Mo Jung-Soon, Meng Zhipeng, Kim Young Chul, Park Hyun Woo, Hansen Carsten Gram, Kim Soohyun, Lim Dae-Sik, Guan Kun-Liang
Department of Pharmacology and Moores Cancer Center, University of California, San Diego, La Jolla, California 92093, USA.
Department of Cardiology, Veterans Medical Research Foundation, 3350 La Jolla Village Dr., San Diego, California 92161, USA.
Nat Cell Biol. 2015 Apr;17(4):500-10. doi: 10.1038/ncb3111. Epub 2015 Mar 9.
YAP (Yes-associated protein) is a transcription co-activator in the Hippo tumour suppressor pathway and controls cell growth, tissue homeostasis and organ size. YAP is inhibited by the kinase Lats, which phosphorylates YAP to induce its cytoplasmic localization and proteasomal degradation. YAP induces gene expression by binding to the TEAD family transcription factors. Dysregulation of the Hippo-YAP pathway is frequently observed in human cancers. Here we show that cellular energy stress induces YAP phosphorylation, in part due to AMPK-dependent Lats activation, thereby inhibiting YAP activity. Moreover, AMPK directly phosphorylates YAP Ser 94, a residue essential for the interaction with TEAD, thus disrupting the YAP-TEAD interaction. AMPK-induced YAP inhibition can suppress oncogenic transformation of Lats-null cells with high YAP activity. Our study establishes a molecular mechanism and functional significance of AMPK in linking cellular energy status to the Hippo-YAP pathway.

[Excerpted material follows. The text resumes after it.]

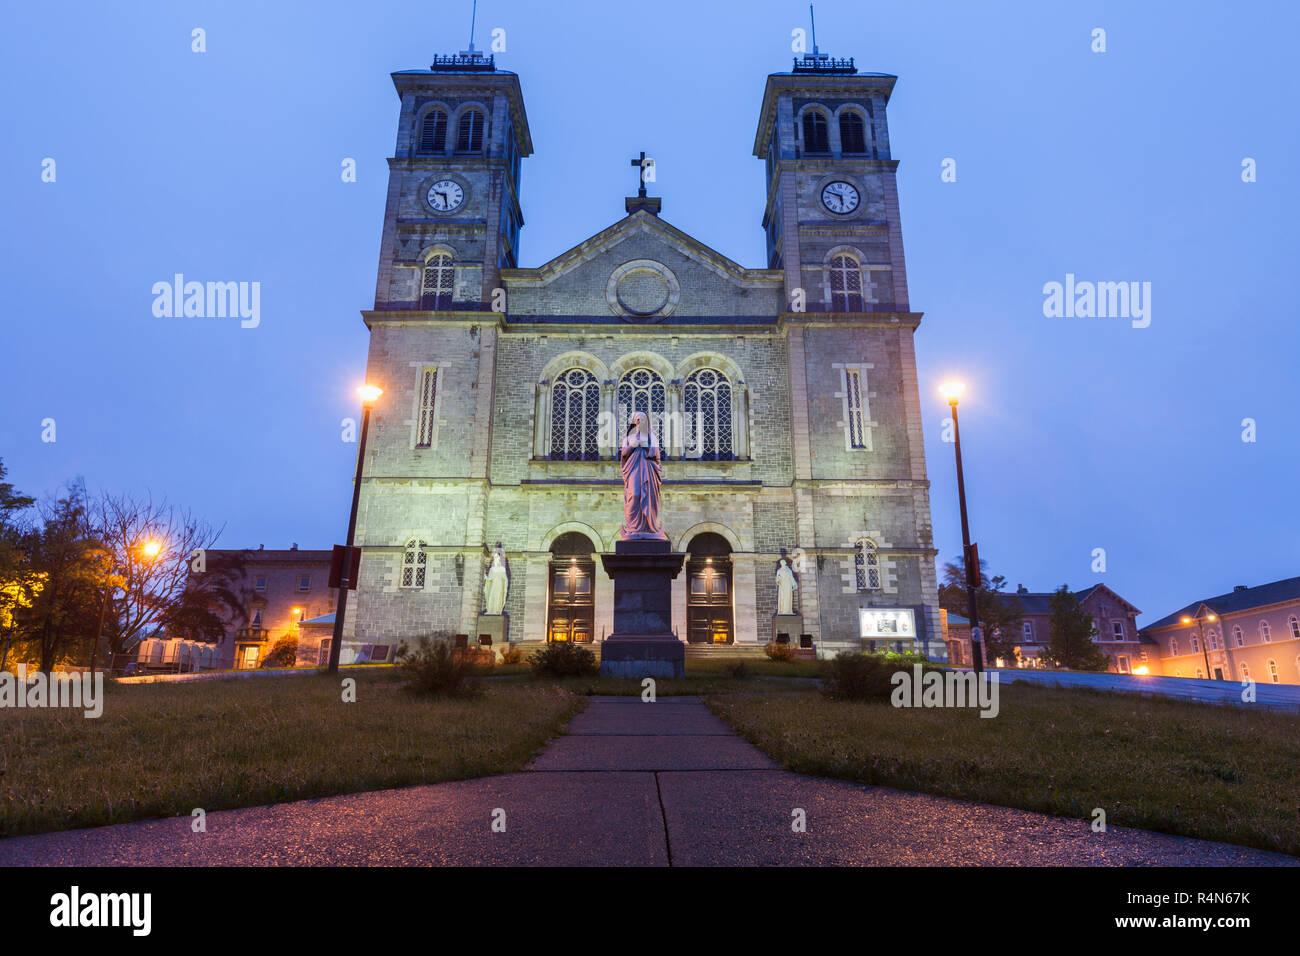 Cathédrale de Saint Jean Baptiste à Terre-Neuve et Labrador, Canada Banque D'Images

YAP(Yes相关蛋白)是河马肿瘤抑制通路中的一种转录共激活因子,可控制细胞生长、组织稳态和器官大小。YAP被激酶Lats抑制,Lats使YAP磷酸化以诱导其细胞质定位和蛋白酶体降解。YAP通过与TEAD家族转录因子结合来诱导基因表达。在人类癌症中经常观察到河马 - YAP通路的失调。在这里,我们表明细胞能量应激会诱导YAP磷酸化,部分原因是AMPK依赖性的Lats激活,从而抑制YAP活性。此外,AMPK直接磷酸化YAP的Ser 94,这是与TEAD相互作用所必需的一个残基,从而破坏YAP - TEAD相互作用。AMPK诱导的YAP抑制可抑制具有高YAP活性的Lats缺失细胞的致癌转化。我们的研究确立了AMPK在将细胞能量状态与河马 - YAP通路联系起来方面的分子机制和功能意义。